* _EXERCISE_
Working through the data below, reproduce word for word the line with "Red hot chili peppers necessities." and every line after it, both ends included, and omit the pictures.

BEGIN DATA SECTION

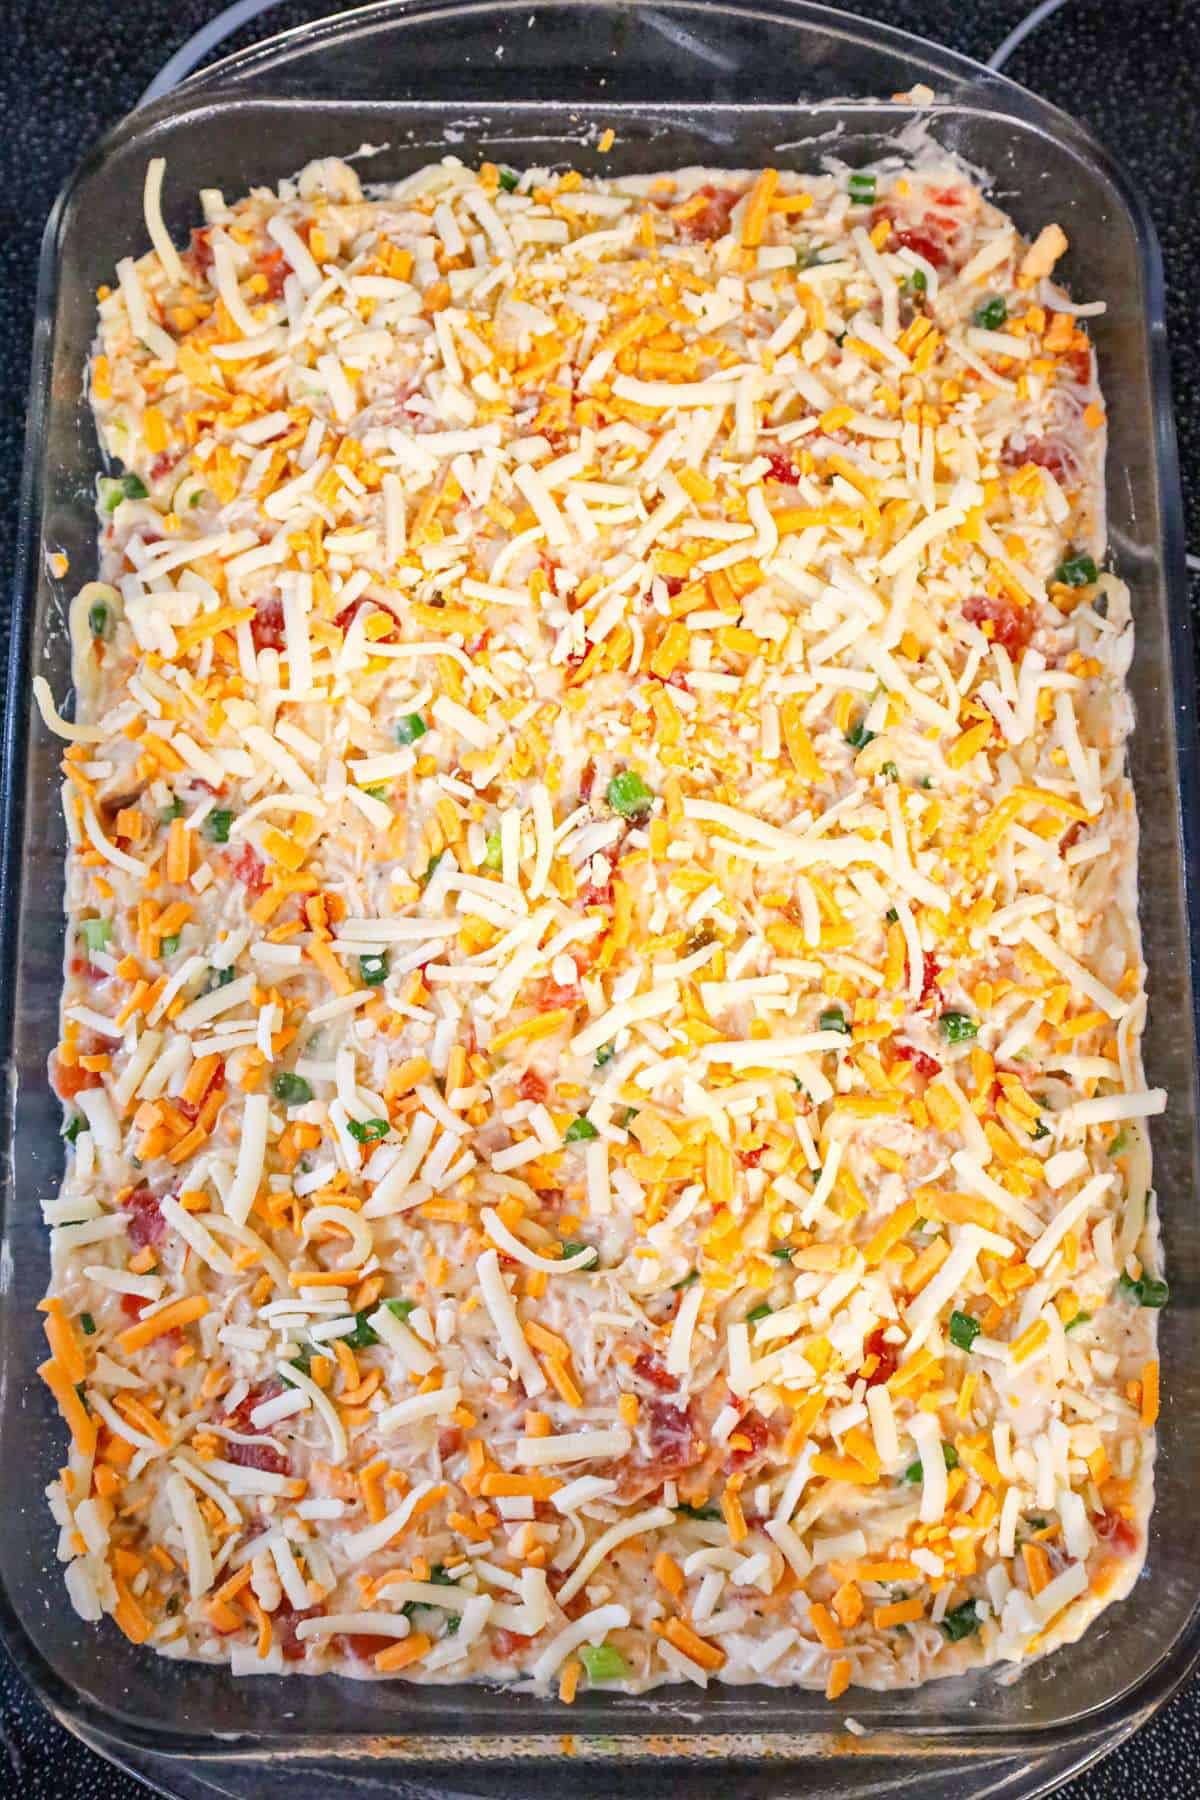 shredded cheese on top of spaghetti with rotel in a baking dish
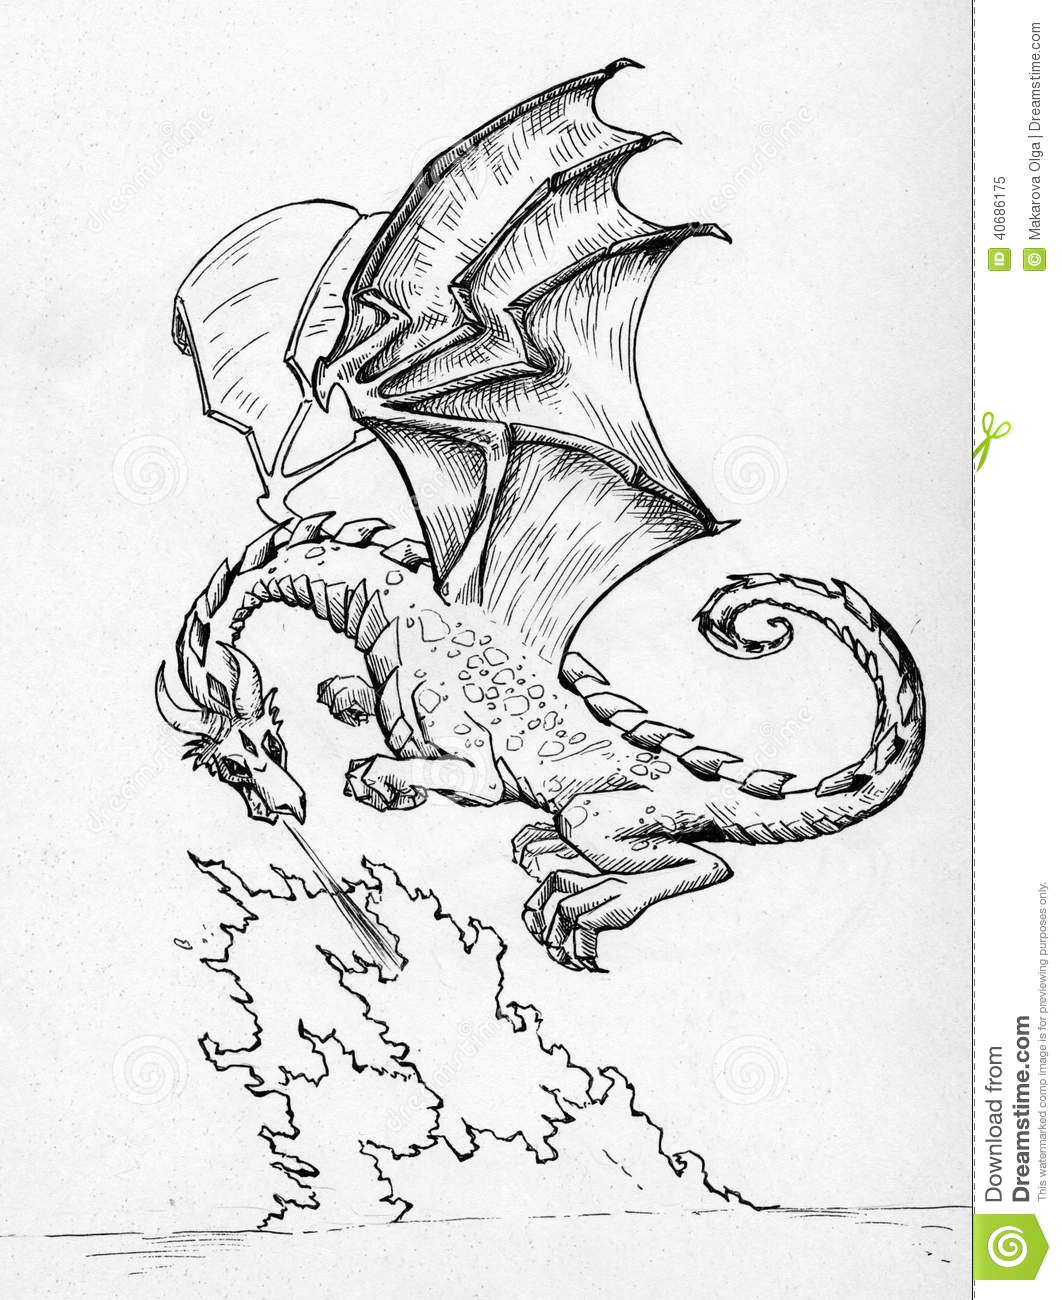 Drawings Of Dragons Blowing Fire Dragon Breathing Fire Stock Illustration Illustration Of
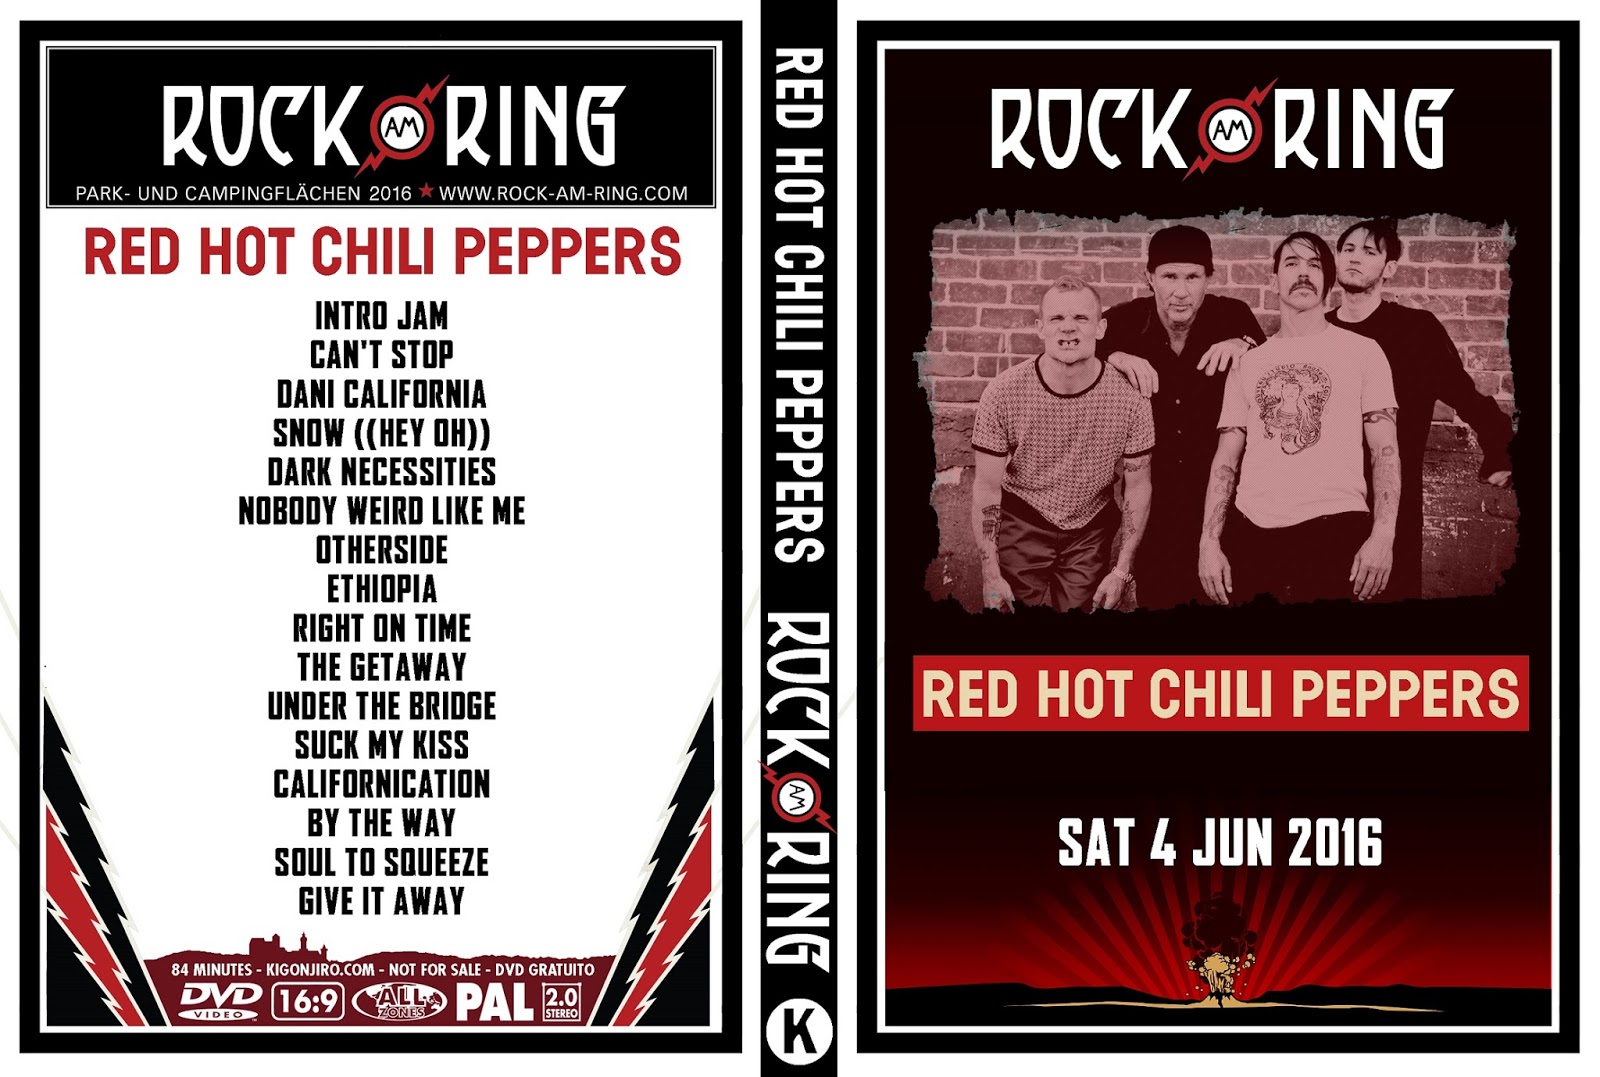 Red hot chili peppers necessities. Red hot Chili Peppers обложка. The Getaway альбом Red hot Chili Peppers. The Getaway Red hot Chili Peppers обложка. Red hot Chili Peppers обложки дисков.
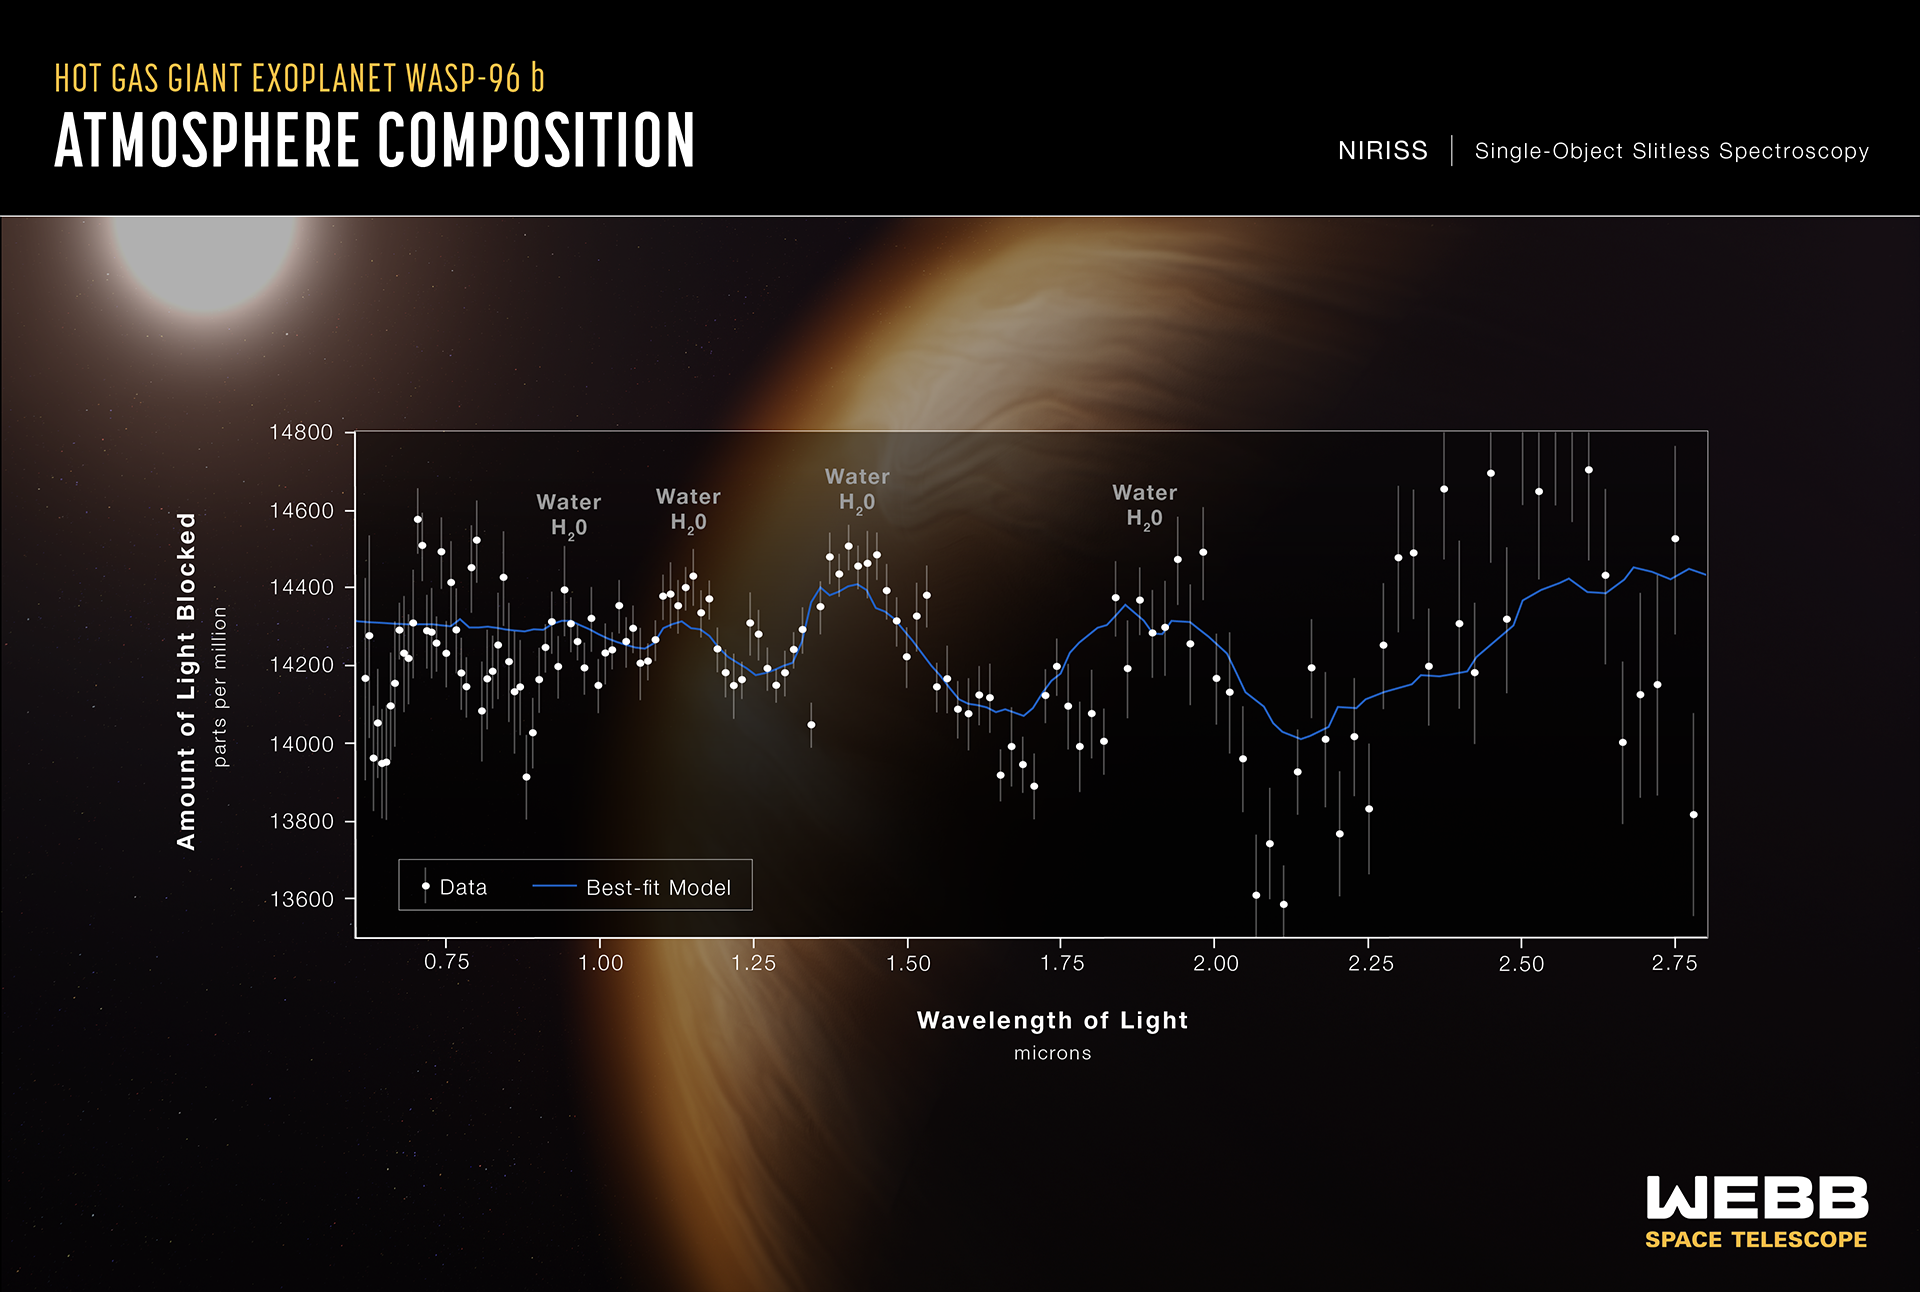 A spectrum showing the molecules in the atmosphere of a giant alien planet.

END DATA SECTION

* _SOLUTION TO THE EXERCISE_
 Red hot chili peppers necessities. Red hot Chili Peppers обложка. The Getaway альбом Red hot Chili Peppers. The Getaway Red hot Chili Peppers обложка. Red hot Chili Peppers обложки дисков.
 A spectrum showing the molecules in the atmosphere of a giant alien planet.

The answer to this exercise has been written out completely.